Source data
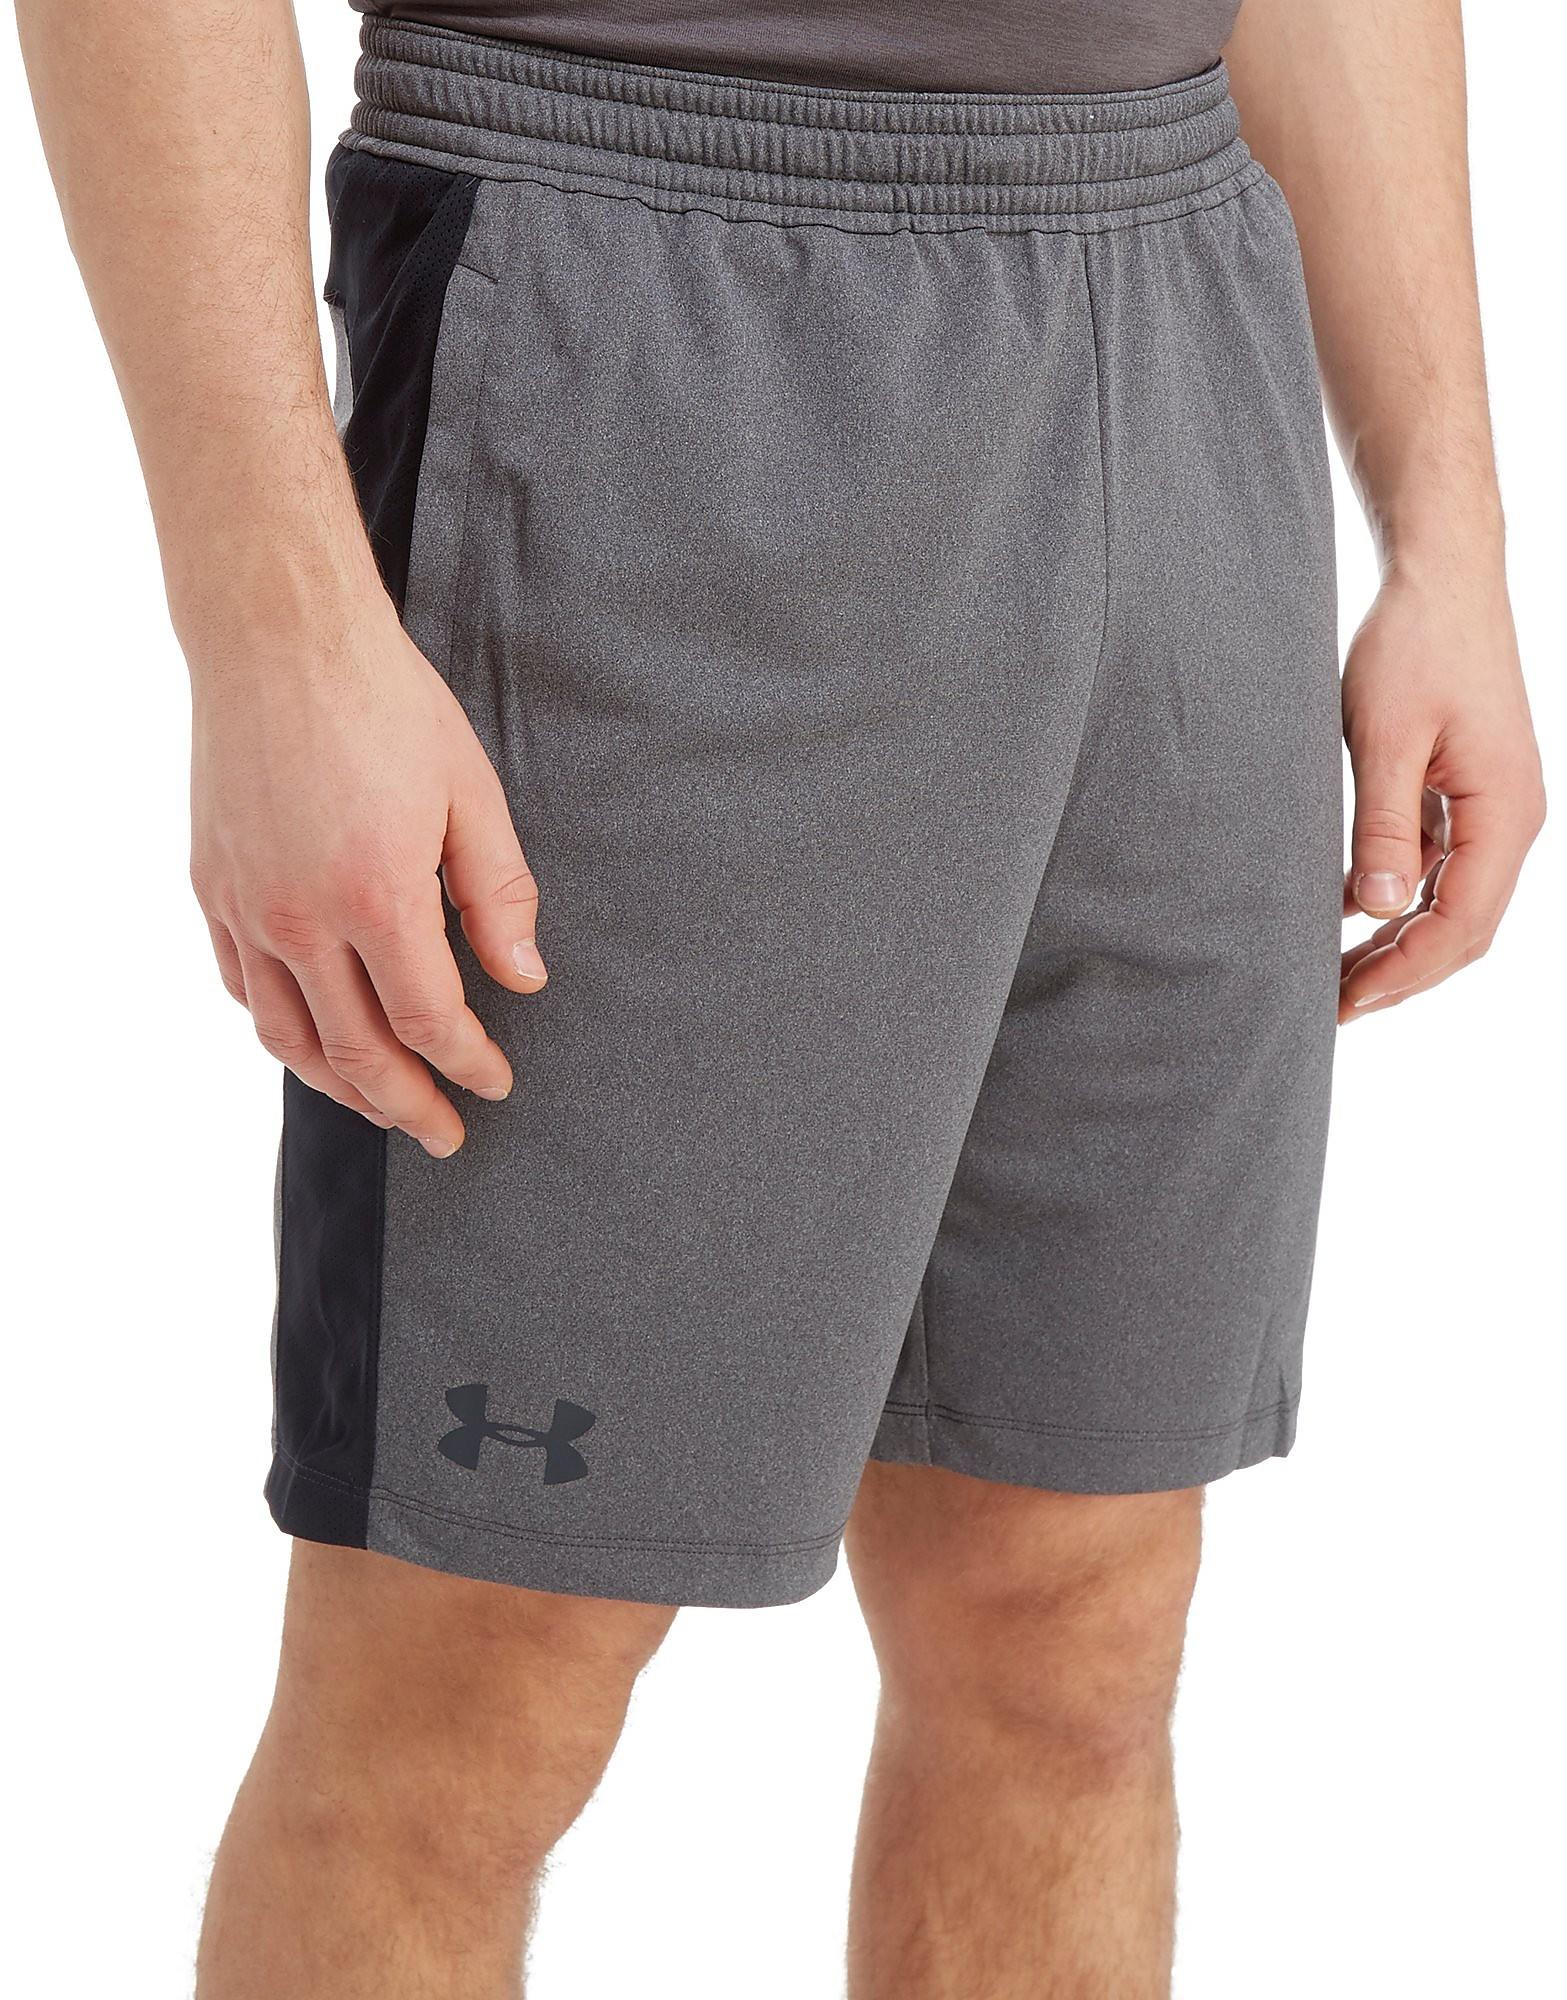 "Under Armour Raid 2.0 8"" Men's Shorts"
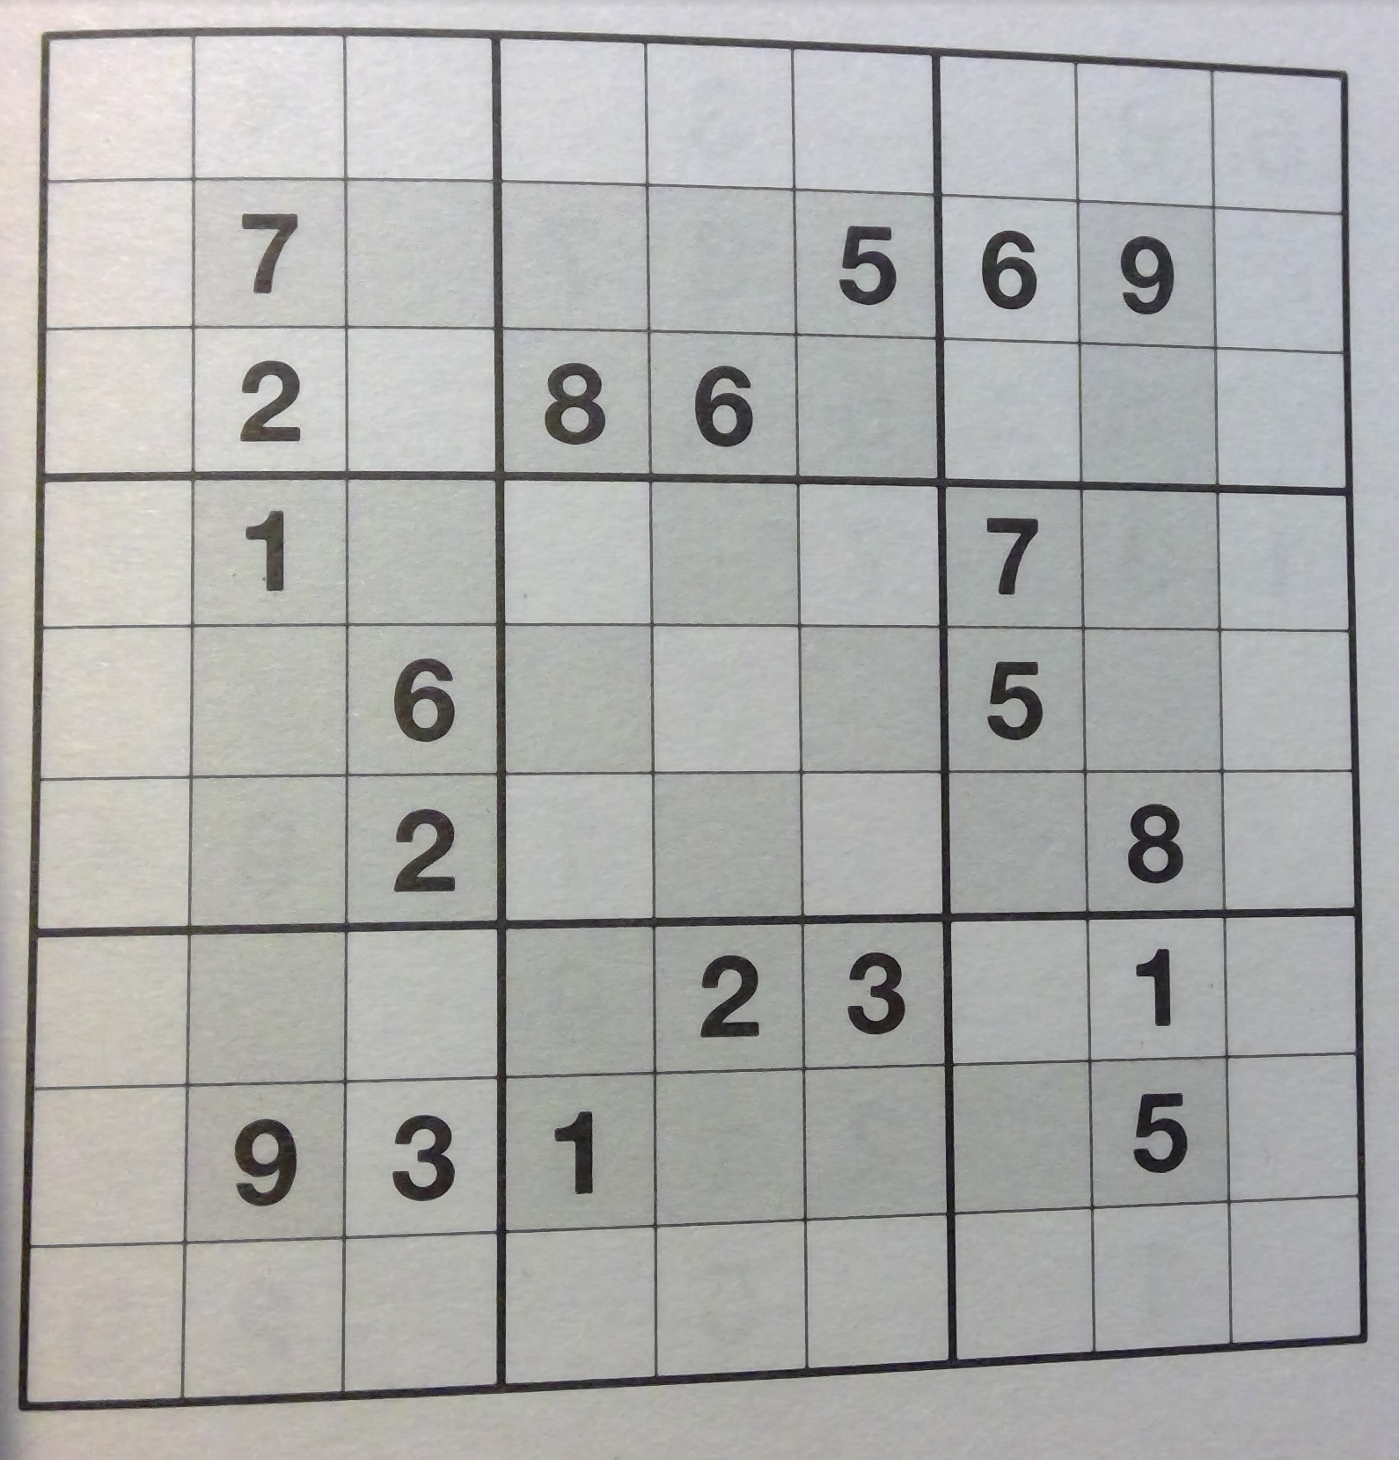 Found This Challenging - Windmill Sudoku : Sudoku
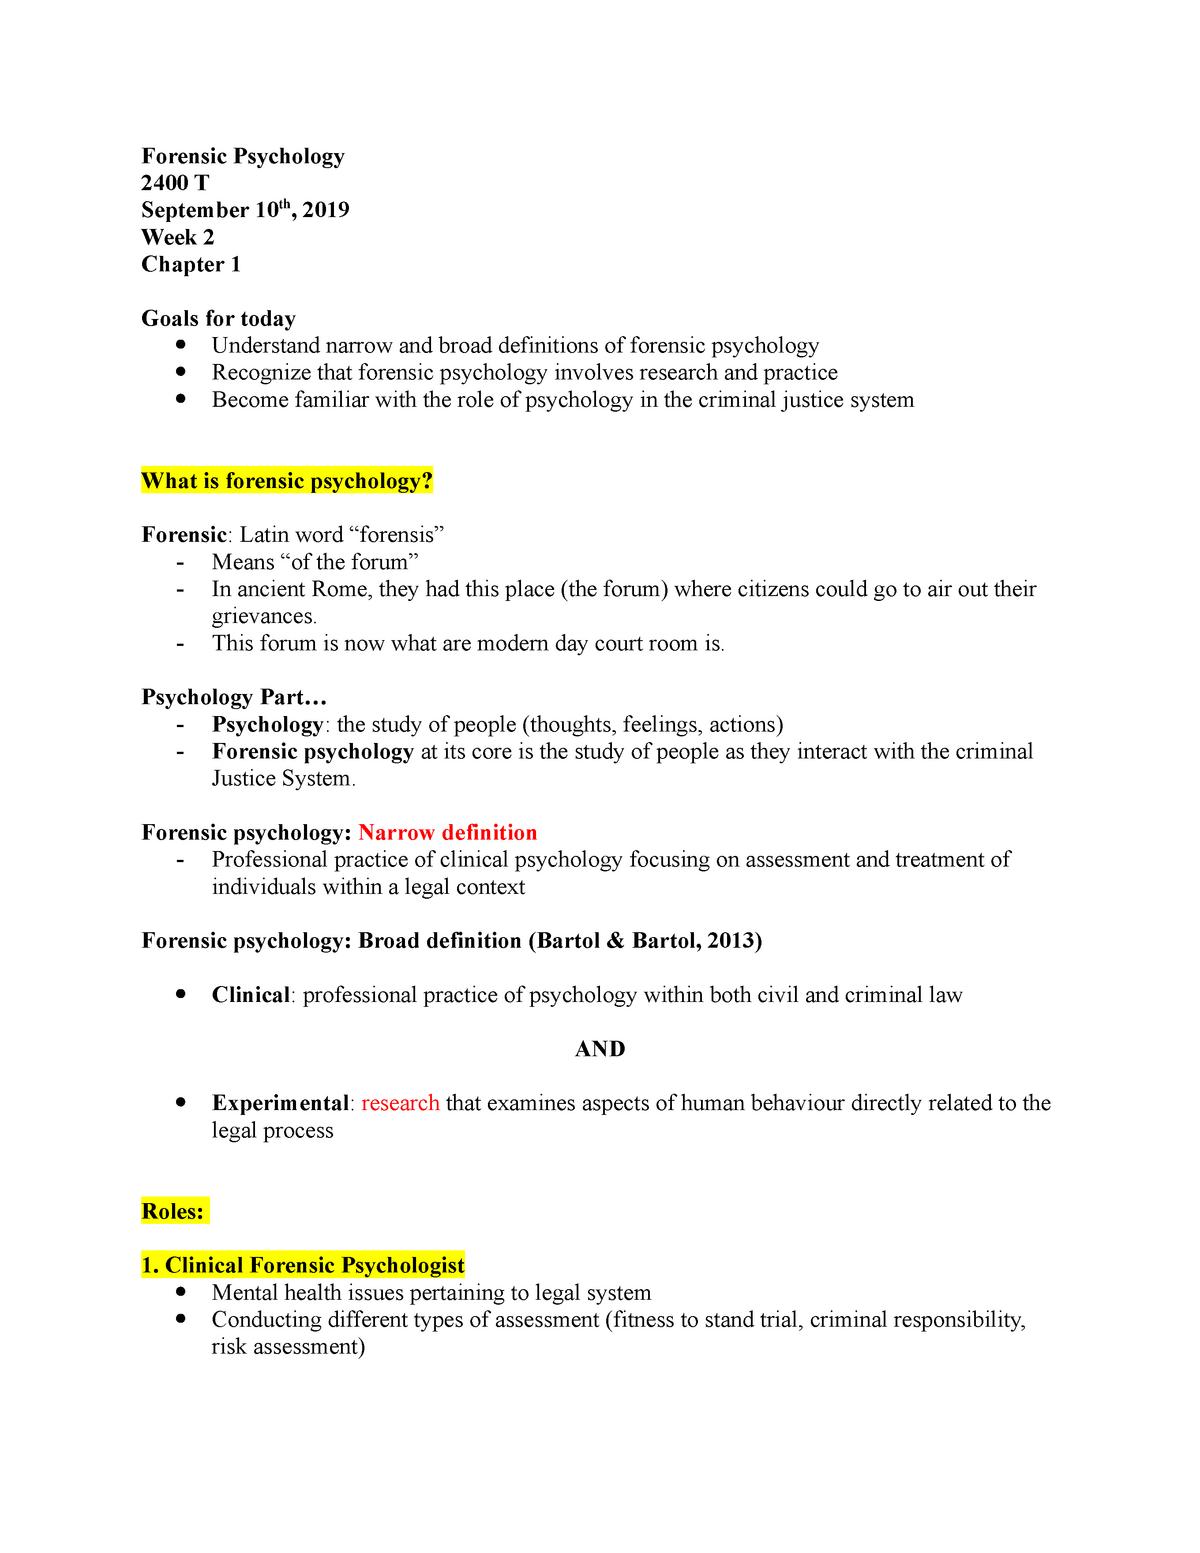 Forensic Psychology 2400 Week 2 Psyc 2400 Carleton Studocu
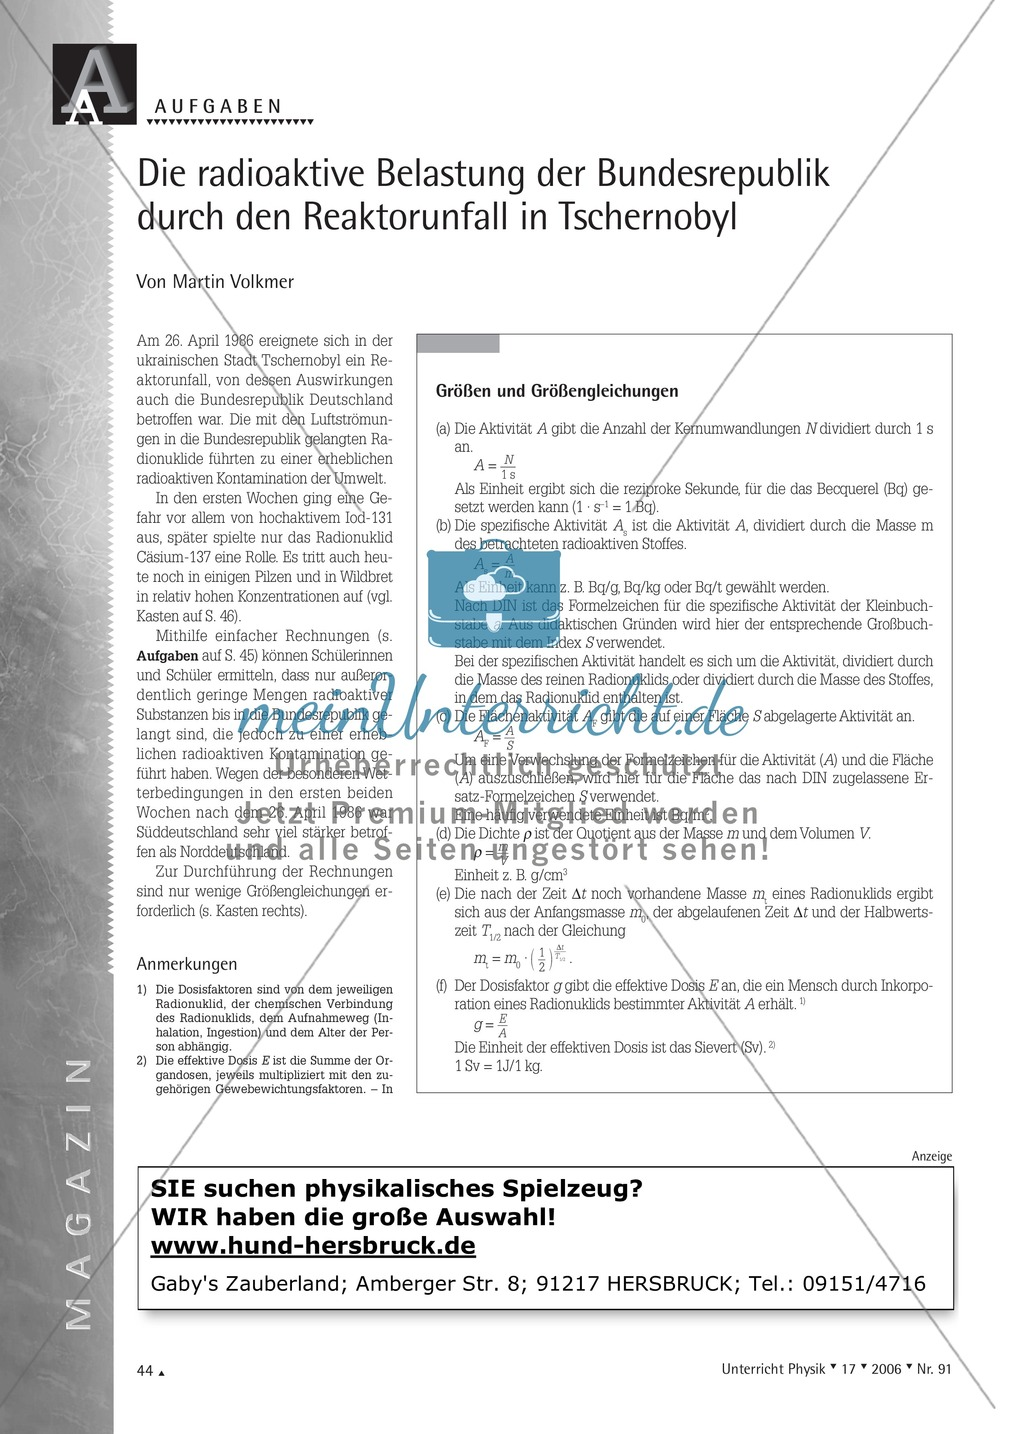 Kernphysik: Die radioaktive Belastung der Bundesrepublik durch den ...

Exercise objective
Each line of the data above should be reproduced without alteration, and no picture should appear in the copy.

Task output
 "Under Armour Raid 2.0 8"" Men's Shorts"
 Found This Challenging - Windmill Sudoku : Sudoku
 Forensic Psychology 2400 Week 2 Psyc 2400 Carleton Studocu
 Kernphysik: Die radioaktive Belastung der Bundesrepublik durch den ...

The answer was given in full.